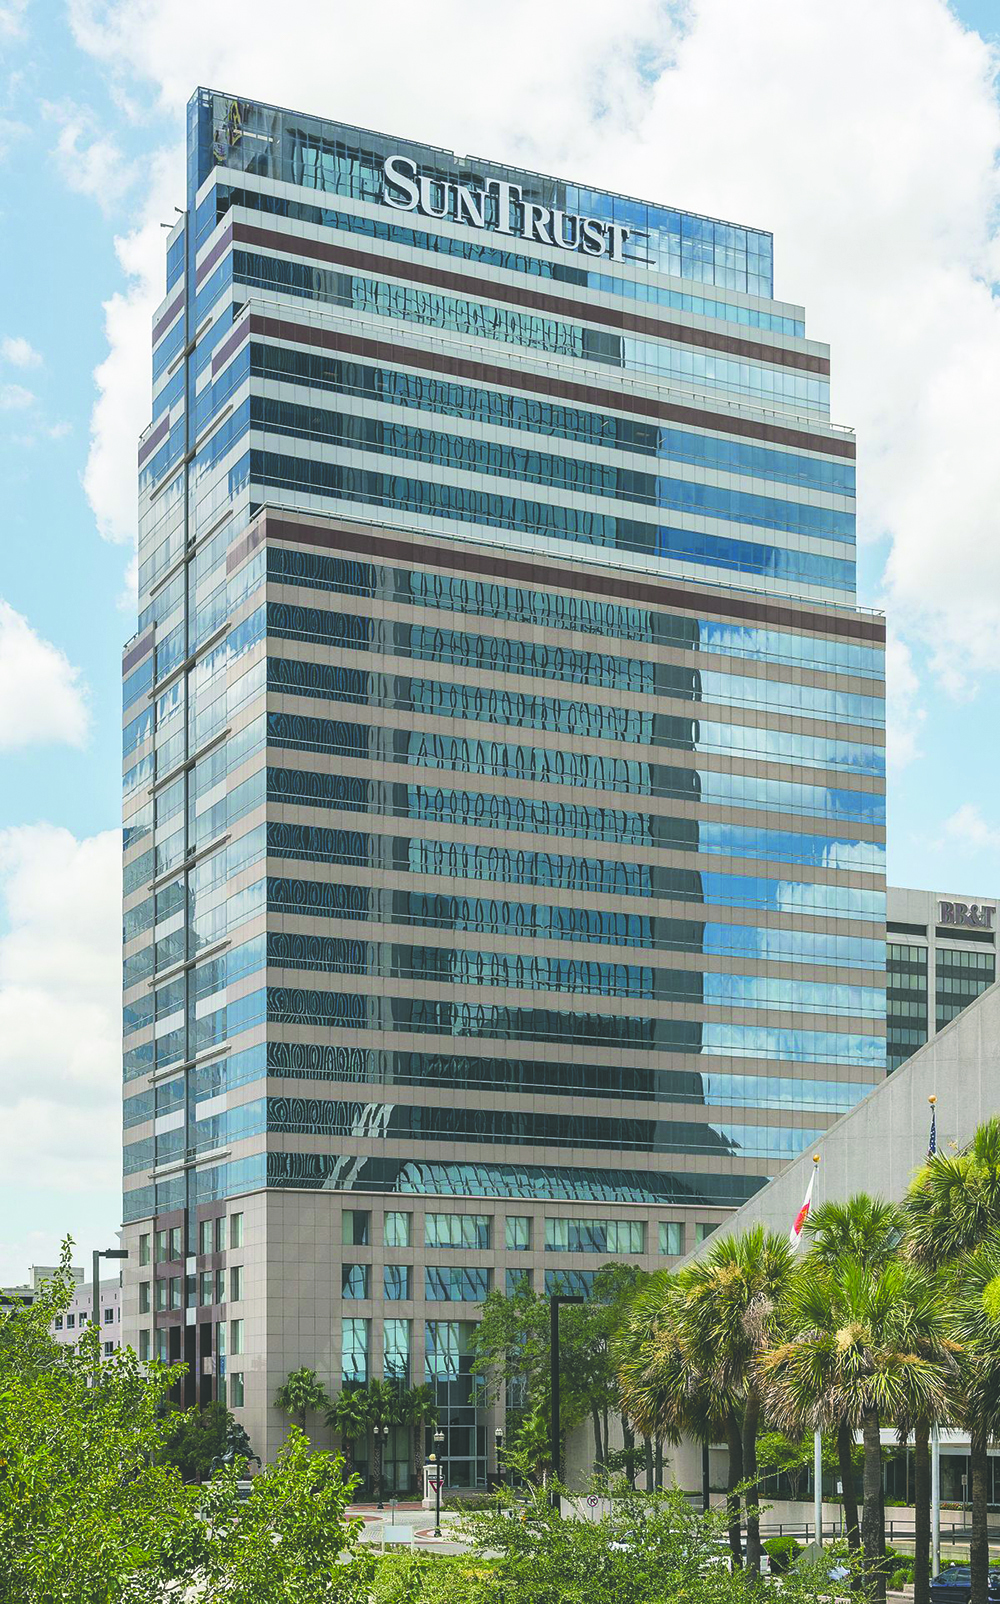 VyStar Credit Union plans to move its headquarters and up to 700 employees into the 23-story building.
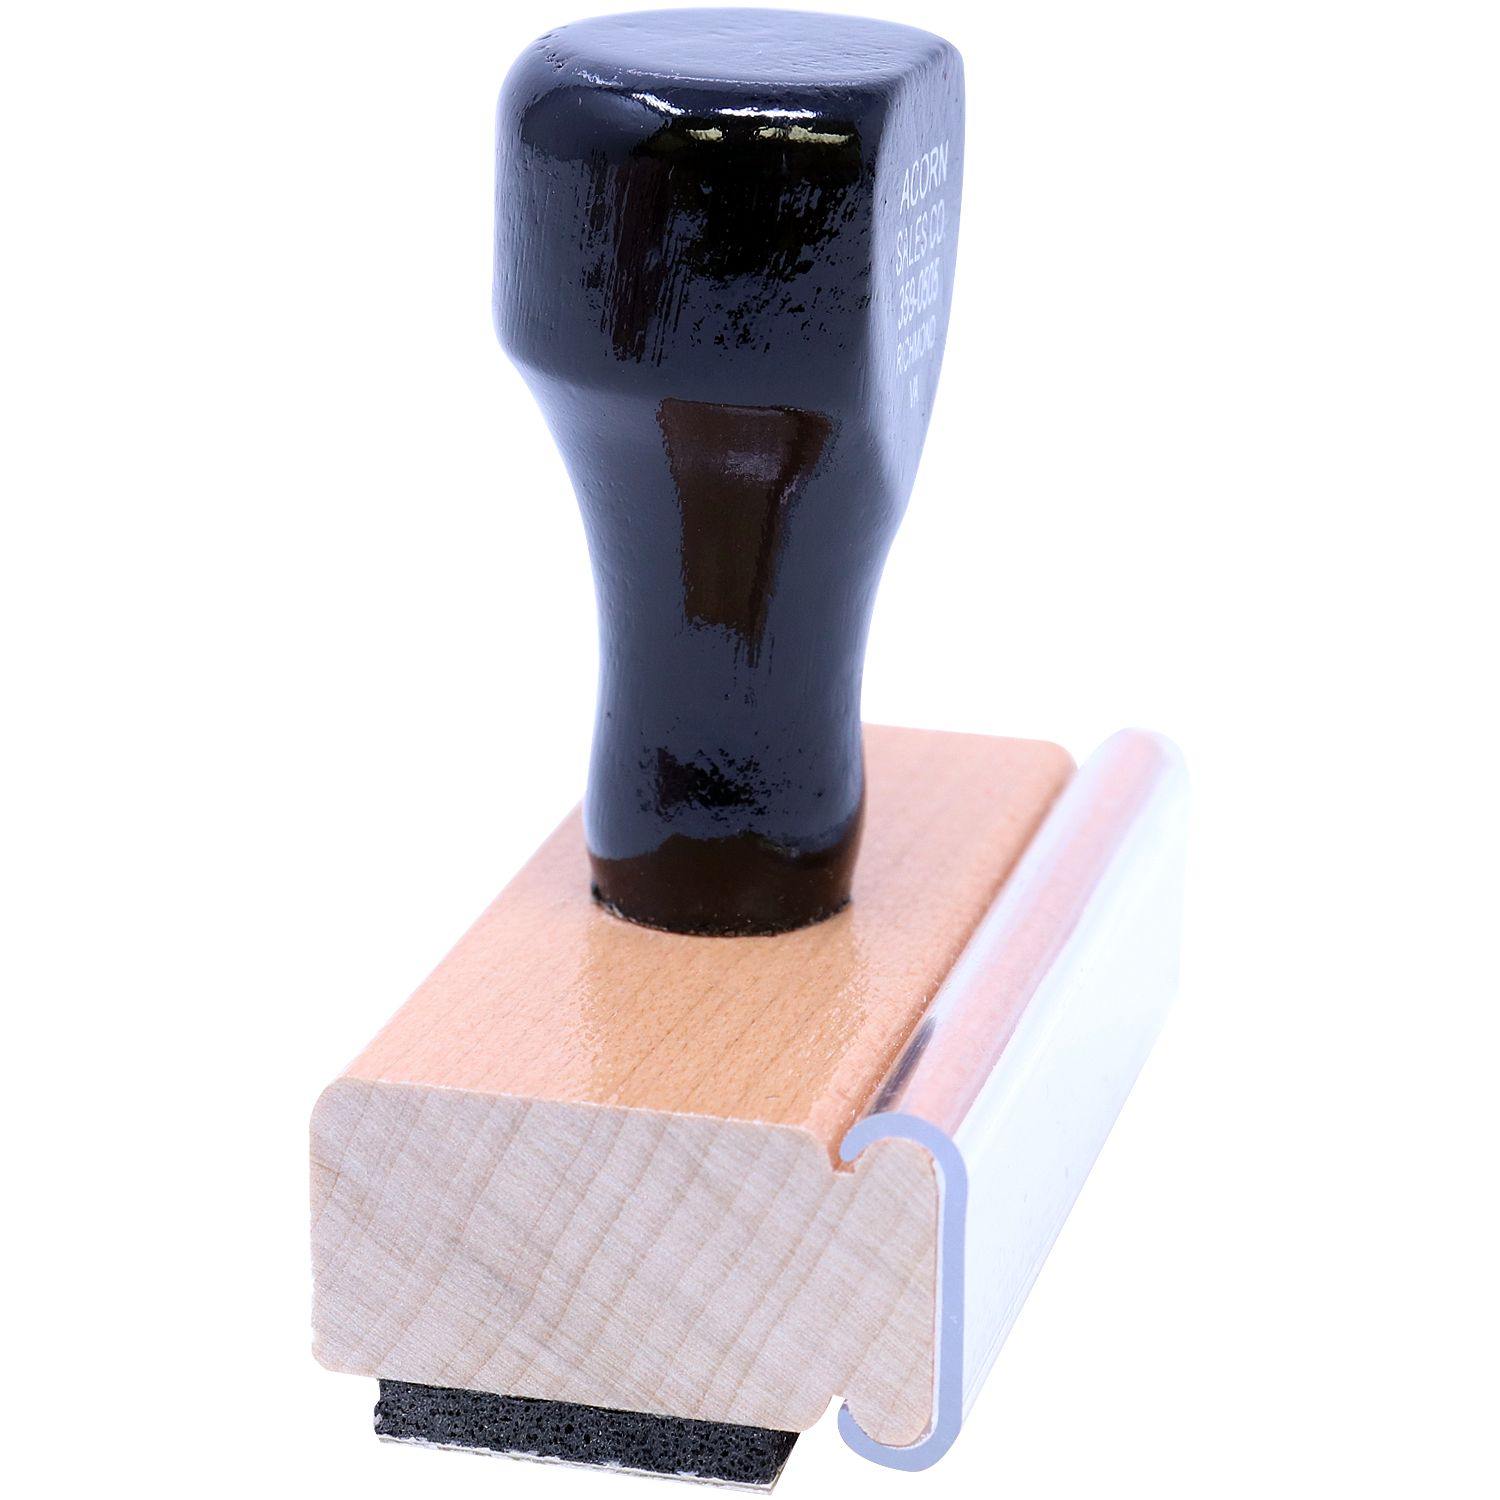 Side View of Large Notice Of Action Rubber Stamp at an Angle
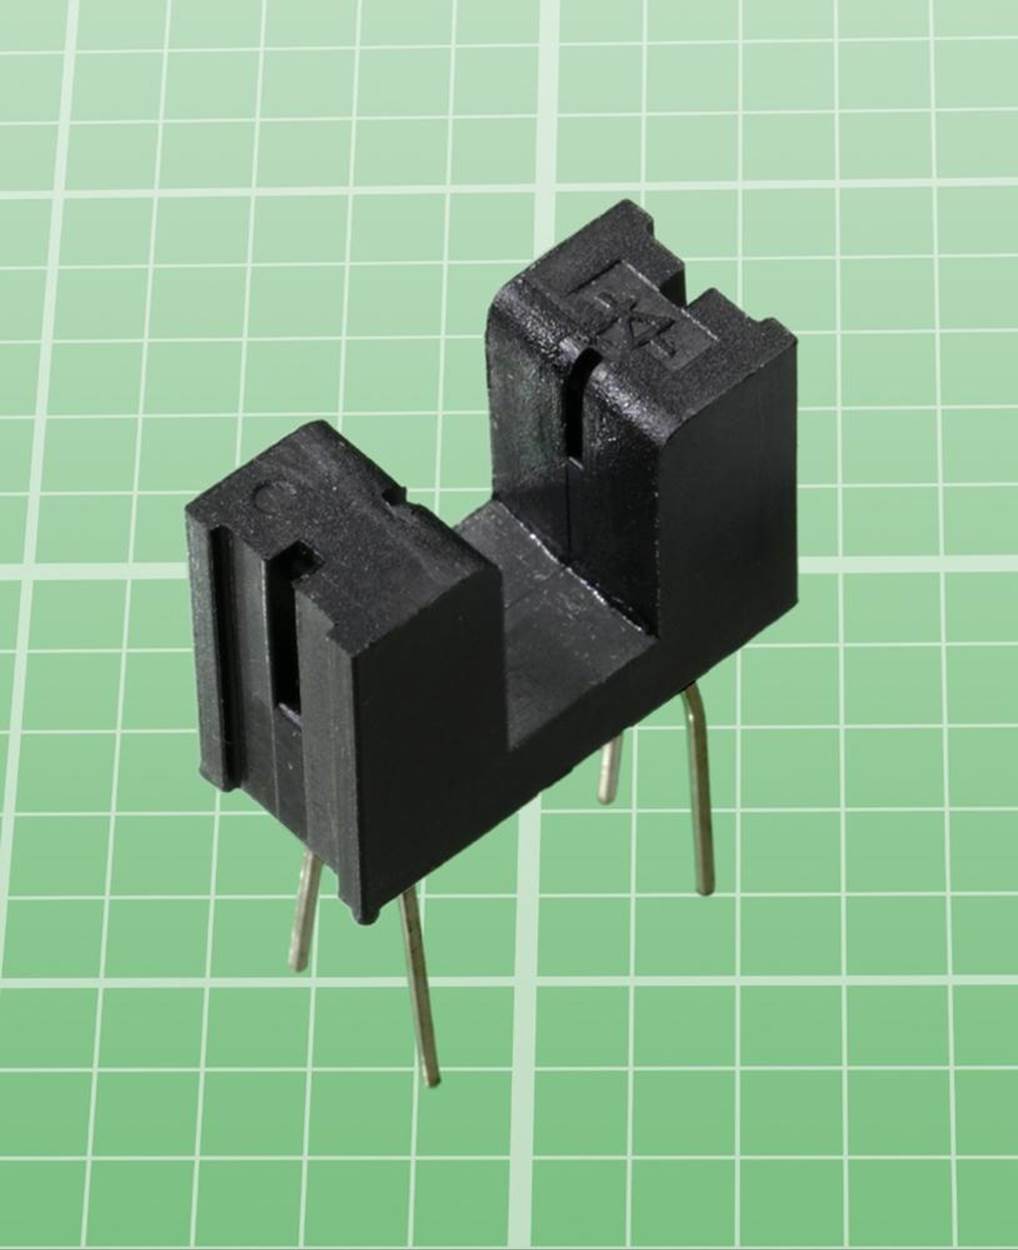 In this Everlight ITR9606-F transmissive sensor, light is transmitted across the gap to a phototransistor facing it in the other half of the component. The schematic symbol for a diode is just visible, molded into the righthand section of the plastic. An infrared LED is mounted in this part.
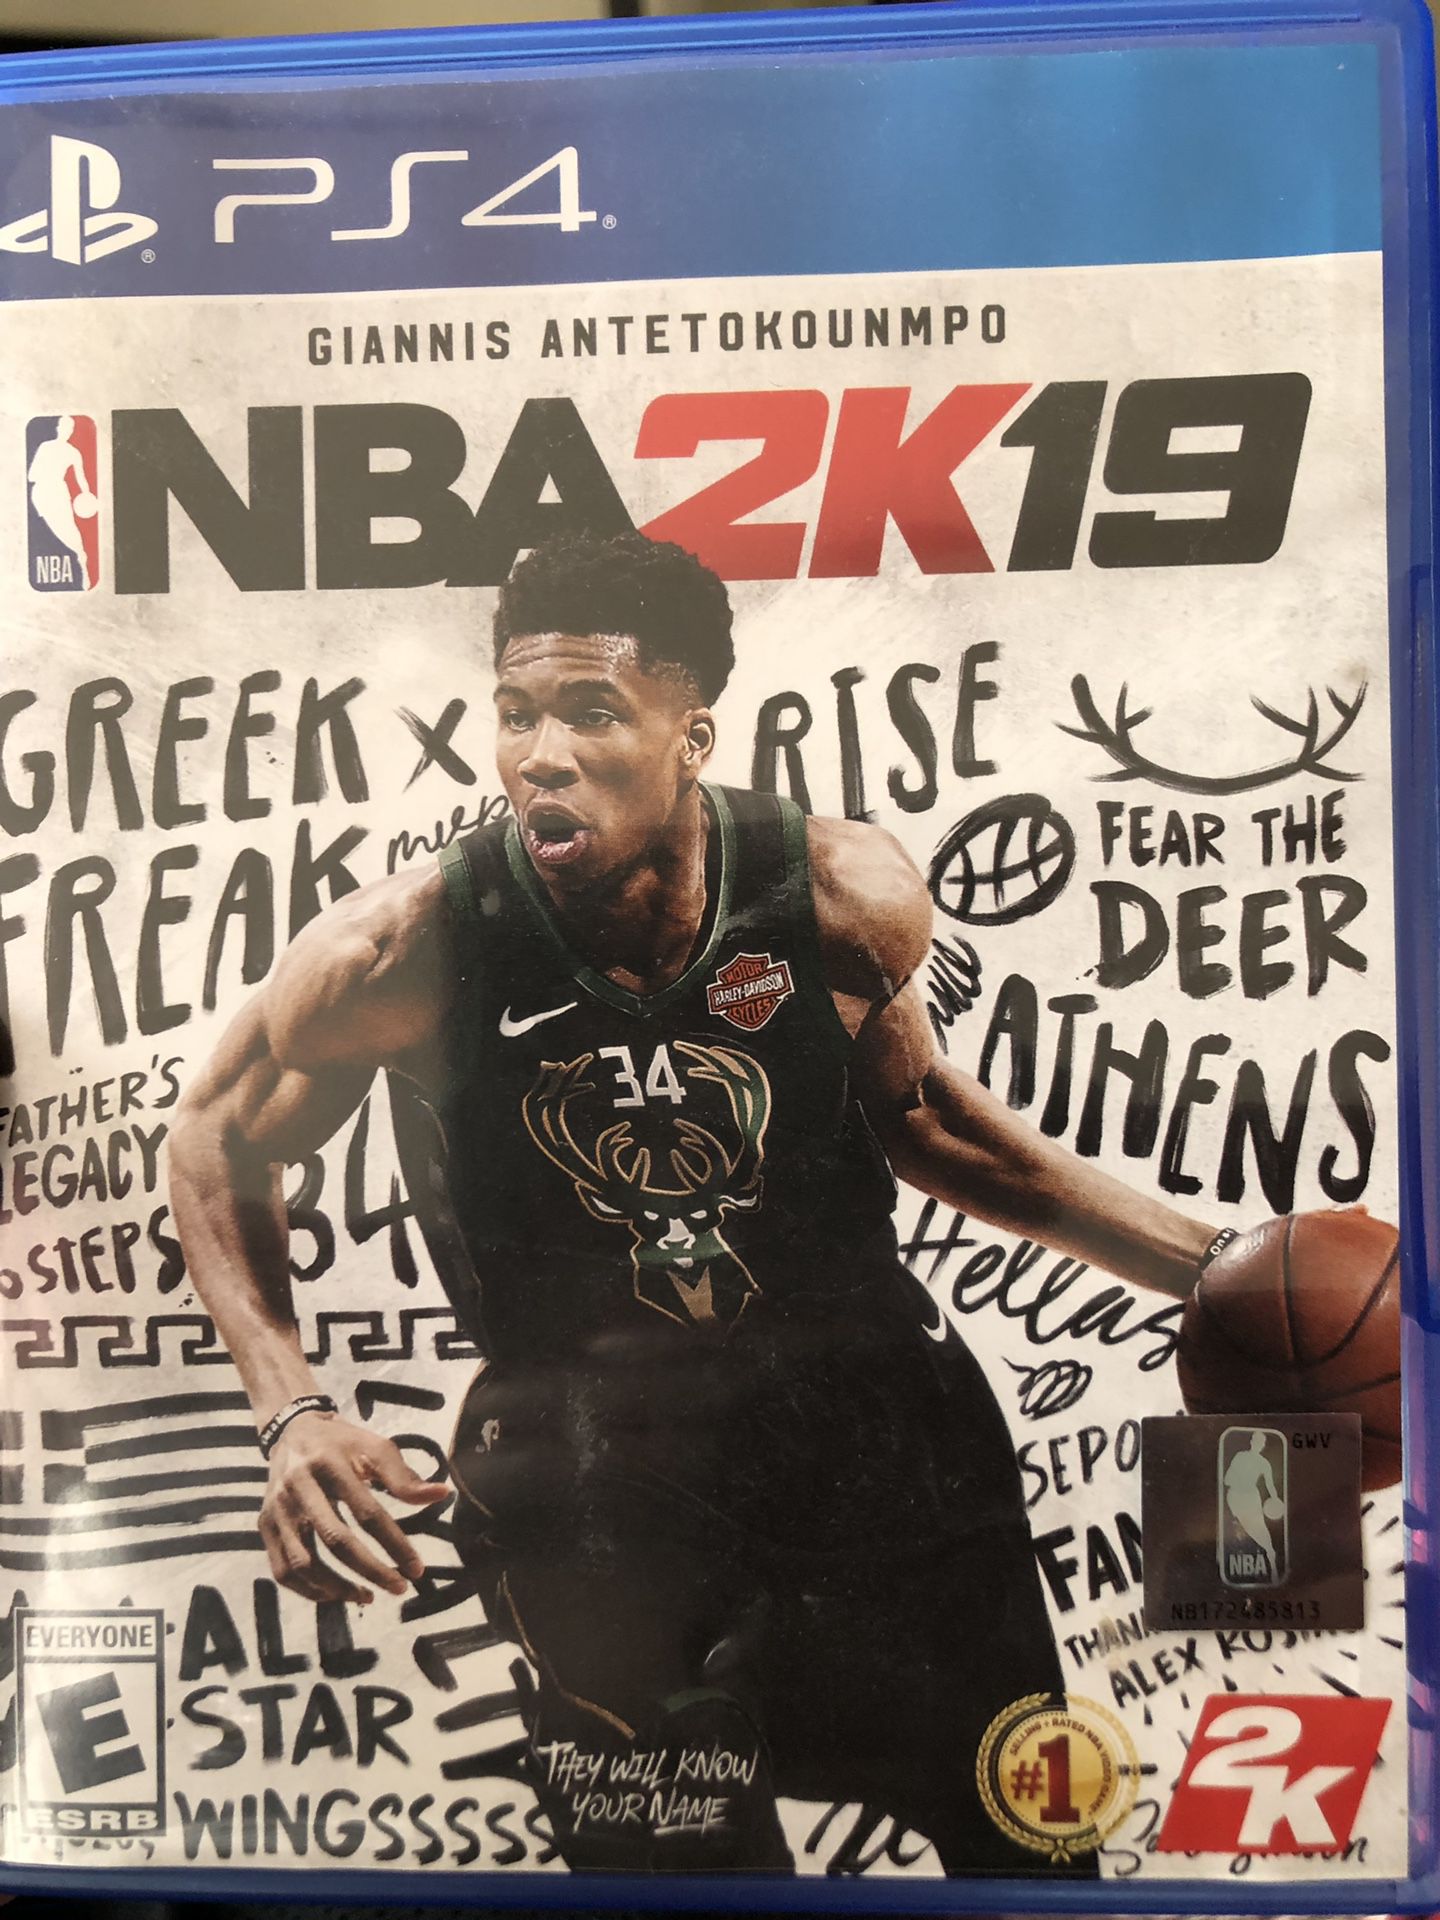 2k19 for PS4

• **TASK STATEMENT**
Repeat the listing verbatim. Skip the pictures.

• **RESULT OF THIS TASK**
 VyStar Credit Union plans to move its headquarters and up to 700 employees into the 23-story building.
 Side View of Large Notice Of Action Rubber Stamp at an Angle
 In this Everlight ITR9606-F transmissive sensor, light is transmitted across the gap to a phototransistor facing it in the other half of the component. The schematic symbol for a diode is just visible, molded into the righthand section of the plastic. An infrared LED is mounted in this part.
 2k19 for PS4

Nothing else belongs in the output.